司郎との盃を終えた梶原は、自室のランプを灯したまま、静かにカーテンを開け、月を見上げていた。


そこへ、そっと戸を叩く音。


「あの……まだ、起きてる?」


振り返ると、そこにはあやの。


ゆるくほどいた真珠色の髪が肩をなぞり、指先にはまだ、わずかに夜の余韻が残っている。


「司郎さん、酔っ払って寝ちゃったよ。梶くんも……だいぶ飲んだみたいね?」


苦笑する彼女の声に、梶原は一歩近づいて、

ただ無言で見つめた。


その目元は、どこか潤んで赤い。

泣いたような、泣いていないような、

静かに溶けていく深夜の色をまとっていた。


あやのの、星の瞳にも微かに滲む光。


ふたりの間に、誰の声も挟まれない。

司郎と交わした時間のあと、なおも自分の元を訪れたこの人の気配に、梶原の胸は、じん、と音を立てる。

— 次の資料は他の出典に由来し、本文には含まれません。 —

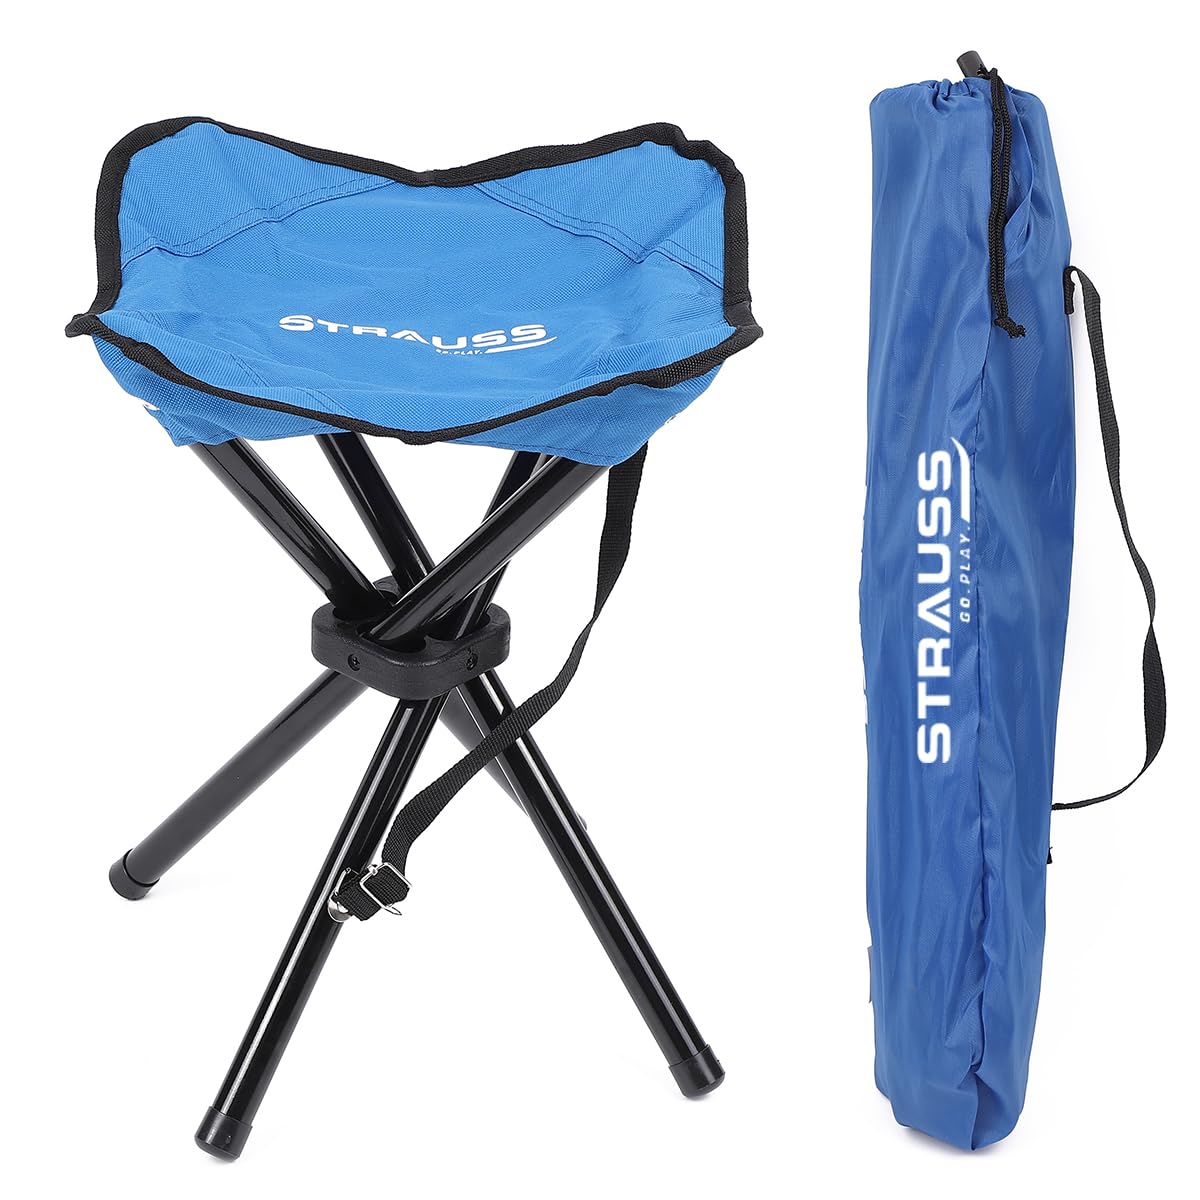 STRAUSS Folding Camping Chair | Portable & Foldable Stool | Portable Chair for Camping, Fishing, Hiking, Gardening and Beach 4 Leg Chair (Blue)

「……あの父娘に割って入ることなんて、できやしない」


梶原はぽつりと、どこか哀しげに笑った。


「もし、お前たちが男と女の間柄だったら──俺なんか、太刀打ちできない。そう思ったよ。……思い知った。あれが、家族ってやつなんだな」


酔いのせいにしても届かない、本音の言葉。

あやのの目に、瞬間、切なさが浮かんだ。


「……馬鹿なこと、言わないの」


あやのは小さく言った。


「私は、何度だって──あなたを選ぶわ。強くて、誰よりも優しい。……ちょっとだけ、嫉妬深いあなたを」


その声は震えて、けれど笑っていた。

そして──

誓うように、あやのは彼に口づけを落とした。





月の光の下で、

まるで祈るように触れたその唇に、

梶原は胸の奥が引き裂かれるような想いを覚えた。


すぐさま、あやのを抱きしめる。


その力は荒々しくさえあったが、

どこまでも、深く、温かかった。


「……俺、お前が……」

言葉にならない想いの代わりに、

額に、頬に、耳に──口づけの雨が降った。





「あっ……こら、酔っぱらい……」


やんわりと手で胸を押すあやの。

けれど、その目は優しく、拒んではいなかった。


梶原は、そのすべてを確かめるように、

掠れた声で問いかける。


「……このまま……抱いても、いいか?」



沈黙。

その一瞬の間に、いくつもの思いが通り過ぎる。


あやのは、耳まで真っ赤になりながら、

視線をそらして、小さく頷いた。


それは、どんな言葉よりも確かな──

許しと、受け入れと、愛の証。





夜はふたりを静かに包み、

どこか遠く、アカシック・レコードの灯りが、

夢のように揺れていた。


誰よりも優しい魔力と、

誰よりも強い想いが交わる、ただひとつの夜。


そして、それは記録にすら記されぬ、

永遠の一夜となった。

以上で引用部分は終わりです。